The performance (in terms of IPS) depends on core and uncore frequencies. A lower core frequency may be overcompensated by a higher uncore frequency (e.g., for the 2.3 and 2.4 GHz results). A performance gain of 1 % can be seen when reducing the frequency setting from turbo to 2.3 GHz. The different power characteristics of the processors can lead to performance imbalances as described in [24].

## VI. P-STATE AND C-STATE TRANSITION LATENCIES

# A. P-State Transition Latencies

The introduction of integrated voltage regulators, per core frequency domains, and improvements in the power control unit (PCU) have a direct influence on the latency and duration of ACPI processor state [25] transitions. To examine the new architecture, we use FTaLaT [26] for p-states and the tools developed by Schöne et al. [27] for c-states.
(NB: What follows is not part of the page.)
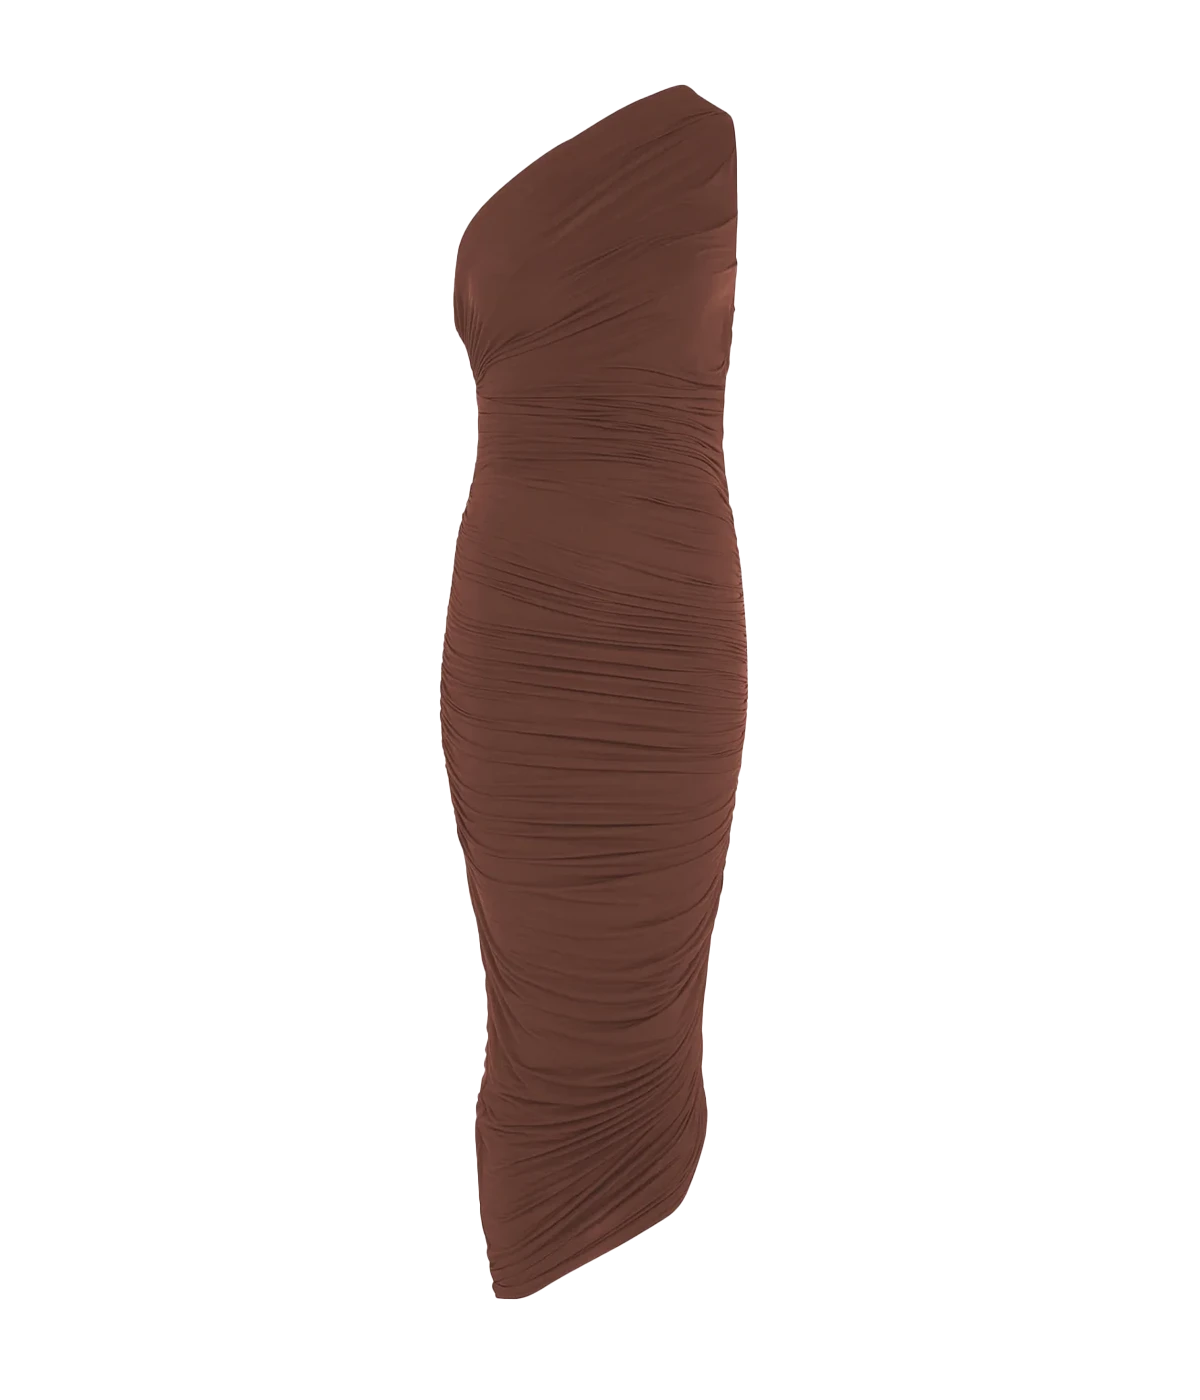 A sexy elegant silky evening dress, in a chocolate colourway, featuring a one shoulder, dipped hem and side draped ruching. Date night dress, midi length, sleeveless, made in Amsterdam, party dress, birthday dress. 
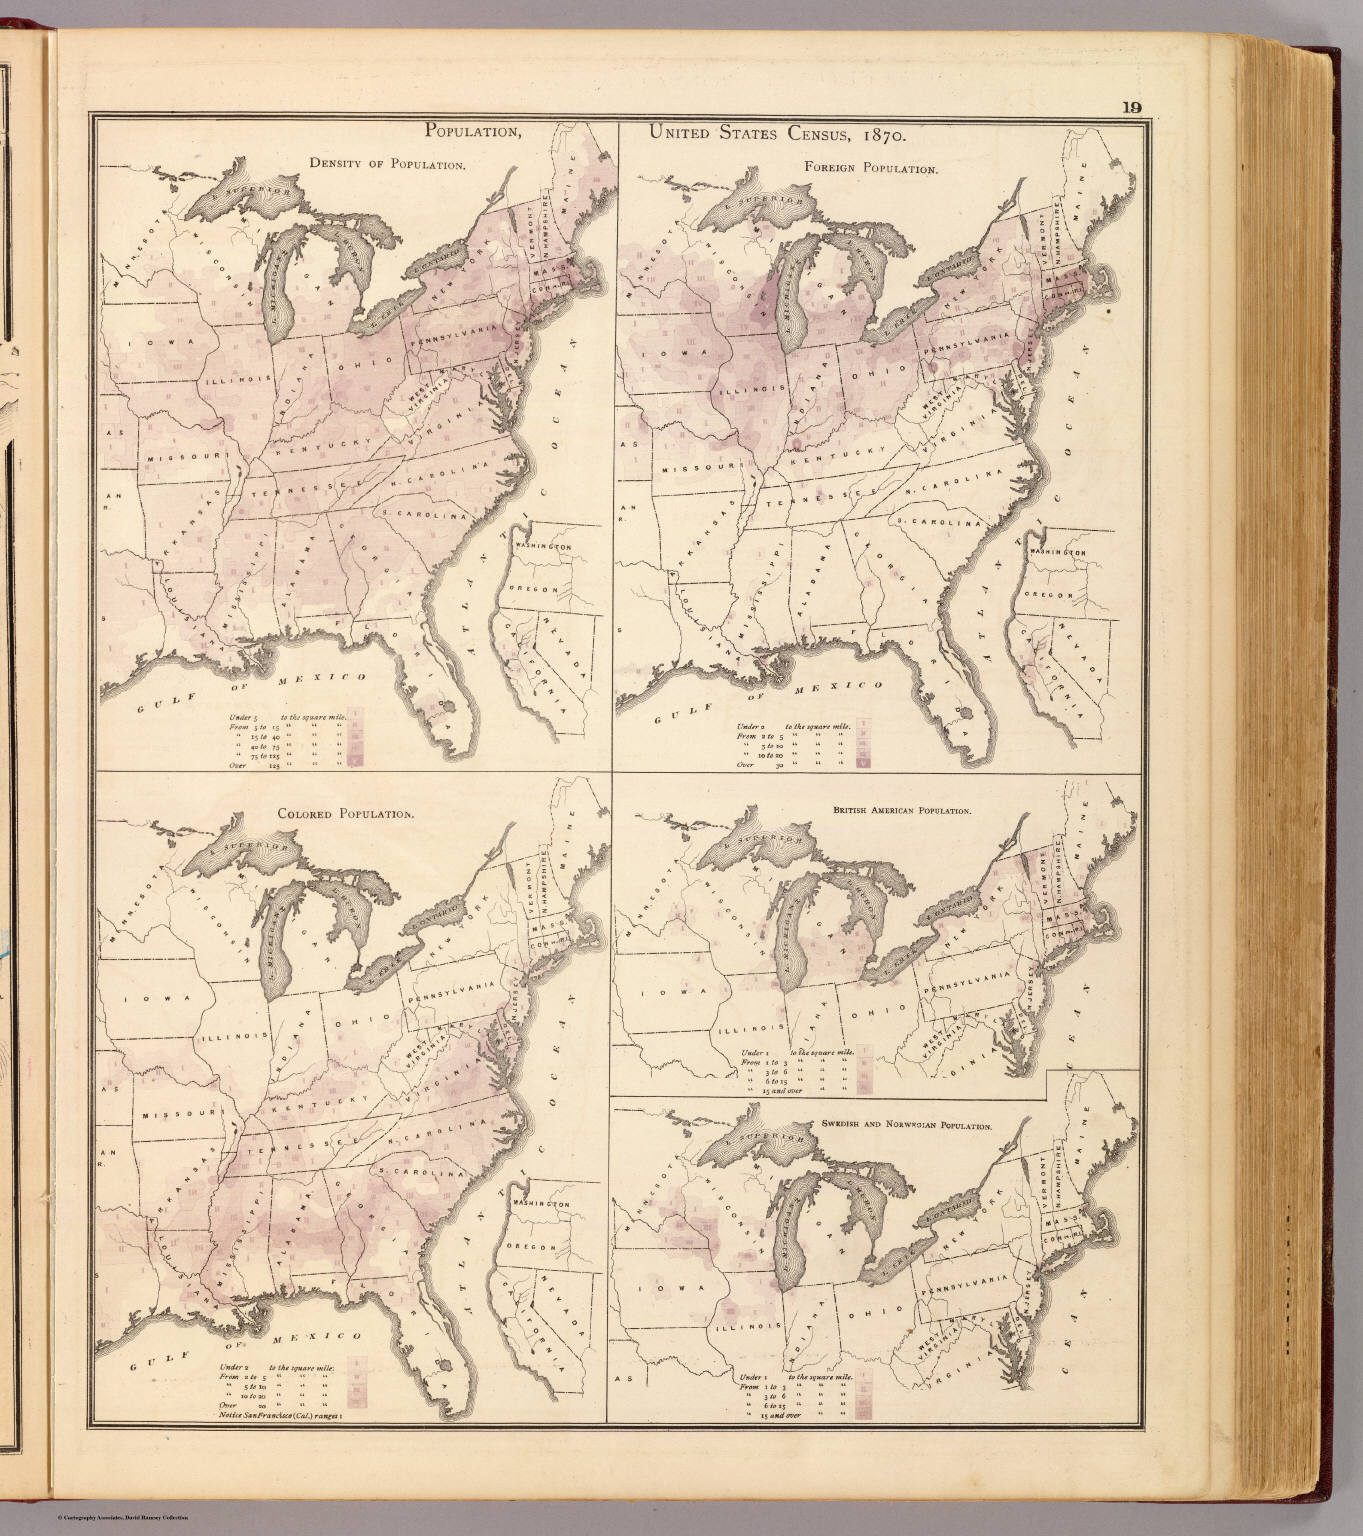 1870 population density map of the us

We modified FTaLaT in the following ways:

• The original FTaLaT reads scaling\_cur\_freq from the Linux *cpufreq* subsystem to verify frequency settings. However, these readings are not reliable indicator for an actual frequency switch in hardware. We therefore add a verification by reading the PERF\_COUNT\_HW\_CPU\_CYCLES performance counters via the Linux *perf events* subsystem for a 20 µs busy-wait loop.

- We change the confidence level from 95% to 99%.
- We parallelize FTaLaT to be able to capture transition times from two different cores in parallel.
- We recalculate the confidence intervals when the presumed performance level of the target frequency doesn't match the measured performance in a later stage.

Despite these changes, initial measurements still indicate a wide range and high fluctuation of transition latencies. We therefore take 1,000 measurements for a single pair of start and target frequencies. We chose 1.2 and 1.3 GHz, but other frequency pairs yield similar results.

Figure 3 depicts the results of four experiments with 1,000 results each as a histogram. With frequency change requested at random times, the resulting latency is evenly distributed between a minimum of 21  $\mu$ s and a maximum of 524  $\mu$ s. Requesting a frequency transition instantly after a frequency change has been detected leads to around 500  $\mu$ s in the majority of the results. If we introduce a 400  $\mu$ s delay after the last frequency change, the transition time is typically about 100  $\mu$ s. If the delay is in the order of 500  $\mu$ s, the transition latencies can be split into two different classes–some yield an immediate frequency change while others require over 500  $\mu$ s.

These results indicate that frequency changes only occur in regular intervals of about  $500 \,\mu$ s. The distance between the start



Fig. 3. Histogram of frequency transition latencies for switching between 1.2 and 1.3 GHz, depending on the time since the last frequency change.



Fig. 4. Presumed mechanism for p-state changes on Intel Haswell-EP processors.

and the target frequency has negligible influence compared to the  $500 \,\mu s$  delay. The assumed frequency changing mechanism is depicted in Figure 4.

In another experiment we measure two parallel threads changing the frequency of two different cores simultaneously. The results show that cores on the same processor change their frequency at the same time, while cores on different processors transition independently. This means the 500  $\mu$ s update interval is driven by an external source, presumably the PCU, as it already handles turbo frequencies according to [17].

It should be noted that the ACPI tables report an estimated  $10\,\mu s$  for p-state transition latencies. This is not supported by the measurements and can hence be considered inapplicable. It is also important to note that on previous processors (including Haswell-HE), p-state transition request are always carried out immediately (requiring only the switching time).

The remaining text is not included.